Co-speciation analysis
To investigate the major macroevolutionary mode of retroviruses, we used an event-based method through Jane 4 [44] to assess the relationships between host and retrovirus phylogenies. Jane mapped five events of virus phylogeny (cospeciation, duplication, duplication & host switching, loss and failure to diverge) onto the host tree and each event was assigned to a cost. A best mapping was sought by minimizing the total cost. Inferred from previous documents, we assigned three cost schemes (cospeciation-duplication-duplication & host switching-loss-failure to diverge) shown as follows, 0-1-2-1-1 (Jane’s default setting), -1-0-0-0-0 [19, 45], and 0-1-1-2-0 [44]. Then Jane performed statistical analyses to assess the host-virus phylogeny congruence by generating random parasite trees, with the sample size of 500.

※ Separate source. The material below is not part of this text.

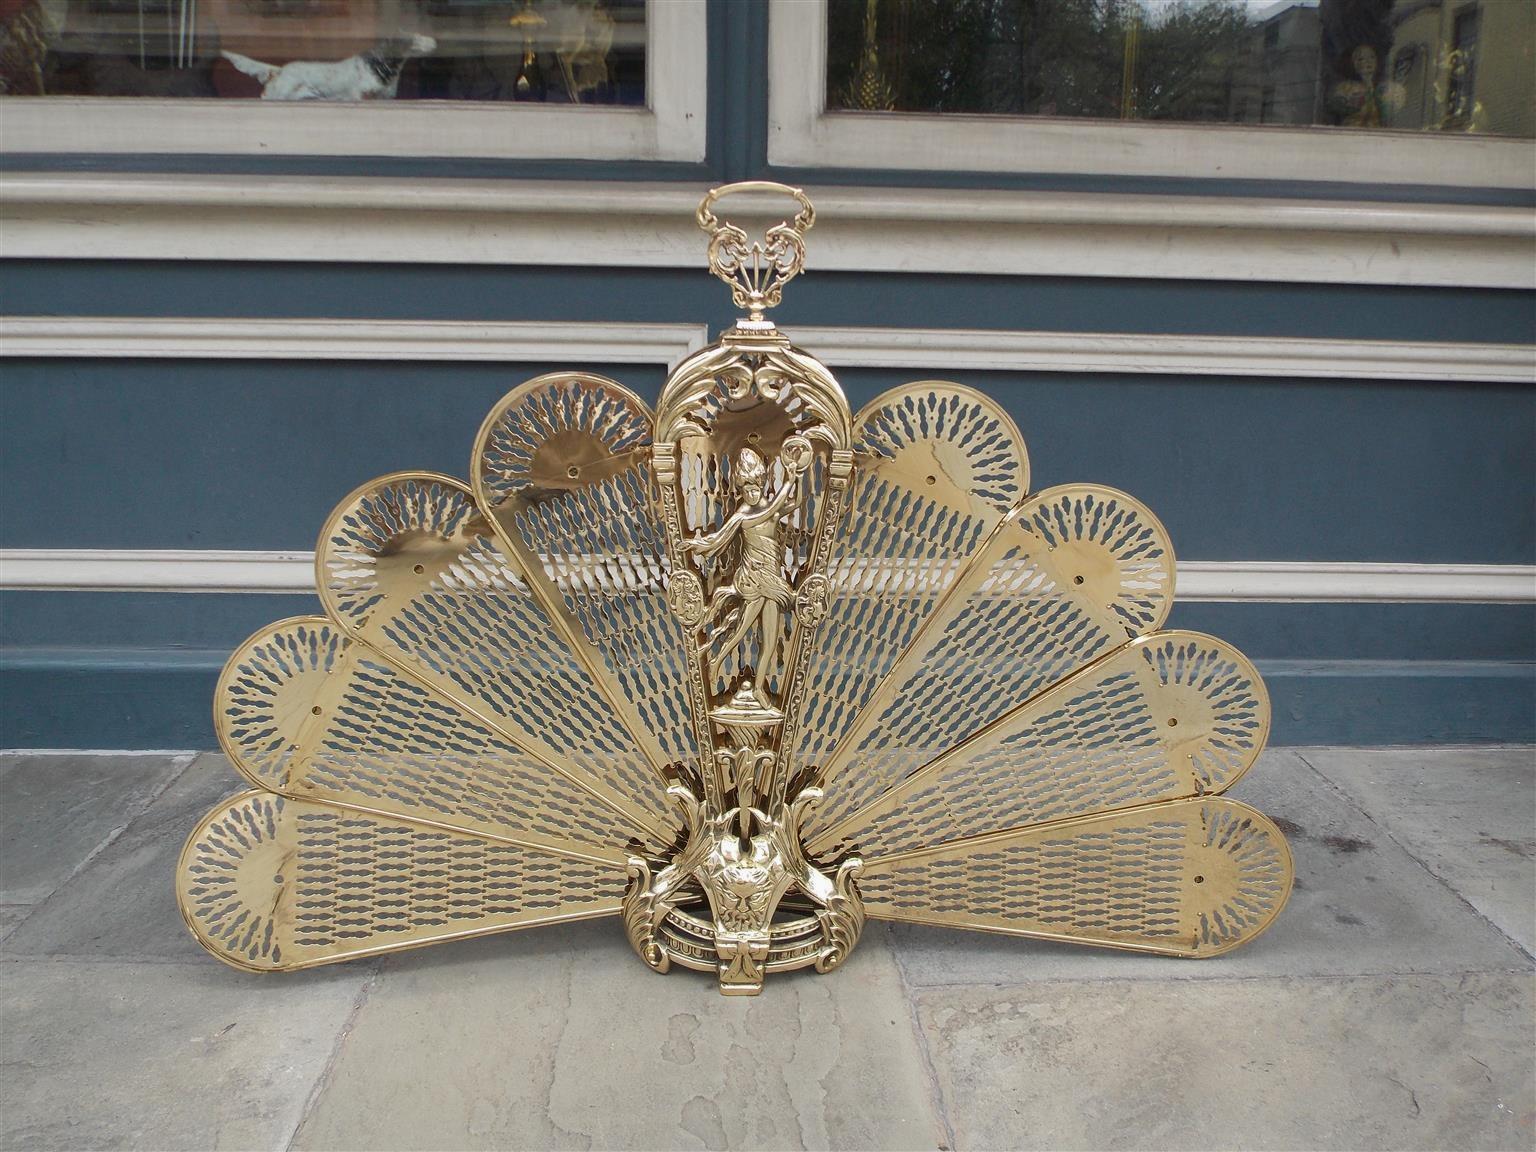 French brass figural fire screen with dancing woman playing tambourine, centered foliage handle, decorative pierced chased folding fans, acanthus motif, and terminating on a scrolled floral beaded swag base with mythological figural medallion, Early

Transmission network reconstruction
We first collapsed all the ERVs that are from species that belong to the same class (from the same order for reptiles, given reptiles are paraphyletic) and clustered together into a group. Because the host states for internal nodes cannot be reconstructed unambiguously and assigned to a specific state with 100% certainty, we identified two groups that share common ancestry at terminal nodes and assigned one undirected interclass transmission event for each such node. This method is more likely to identify recent transmission events.
Supporting information
Data Availability
All relevant data are within the paper and its Supporting Information files.
Funding Statement
This work was supported by National Natural Science Foundation of China (31701091) (to G-ZH), Natural Science Foundation of Jiangsu Province (BK20161016) (to G-ZH), Program for Jiangsu Excellent Scientific and Technological Innovation Team (17CXTD00014) (to G-ZH), and Priority Academic Program Development (PAPD) of Jiangsu Higher Education Institutions (to G-ZH). The funders had no role in study design, data collection and analysis, decision to publish, or preparation of the manuscript.